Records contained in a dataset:
::::

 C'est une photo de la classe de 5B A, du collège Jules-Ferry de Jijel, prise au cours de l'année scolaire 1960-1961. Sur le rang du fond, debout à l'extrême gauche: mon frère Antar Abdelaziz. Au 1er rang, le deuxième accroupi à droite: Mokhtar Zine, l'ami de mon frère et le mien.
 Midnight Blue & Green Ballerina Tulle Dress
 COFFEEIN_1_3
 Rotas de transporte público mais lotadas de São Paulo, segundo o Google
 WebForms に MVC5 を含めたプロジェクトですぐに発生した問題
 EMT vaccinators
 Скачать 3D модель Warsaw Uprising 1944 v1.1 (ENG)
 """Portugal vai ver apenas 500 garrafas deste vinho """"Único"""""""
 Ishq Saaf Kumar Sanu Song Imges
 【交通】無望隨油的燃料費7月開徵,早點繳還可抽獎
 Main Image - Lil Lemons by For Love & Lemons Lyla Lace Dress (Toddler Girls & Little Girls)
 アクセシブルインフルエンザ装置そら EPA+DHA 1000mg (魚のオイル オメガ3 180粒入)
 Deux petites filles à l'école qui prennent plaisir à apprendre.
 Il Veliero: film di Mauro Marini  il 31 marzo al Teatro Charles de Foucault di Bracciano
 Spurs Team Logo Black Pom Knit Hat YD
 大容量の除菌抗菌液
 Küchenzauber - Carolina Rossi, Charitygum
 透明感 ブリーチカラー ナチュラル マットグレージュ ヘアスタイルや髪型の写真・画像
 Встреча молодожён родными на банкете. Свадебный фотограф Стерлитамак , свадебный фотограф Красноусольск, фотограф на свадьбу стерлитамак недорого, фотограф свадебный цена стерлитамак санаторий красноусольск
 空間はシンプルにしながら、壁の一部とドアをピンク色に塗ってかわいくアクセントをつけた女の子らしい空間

::::

TO DO — For the word "Dress", please count the lines in the data where it appears and respond with the number only.

RESPONSE AREA — 2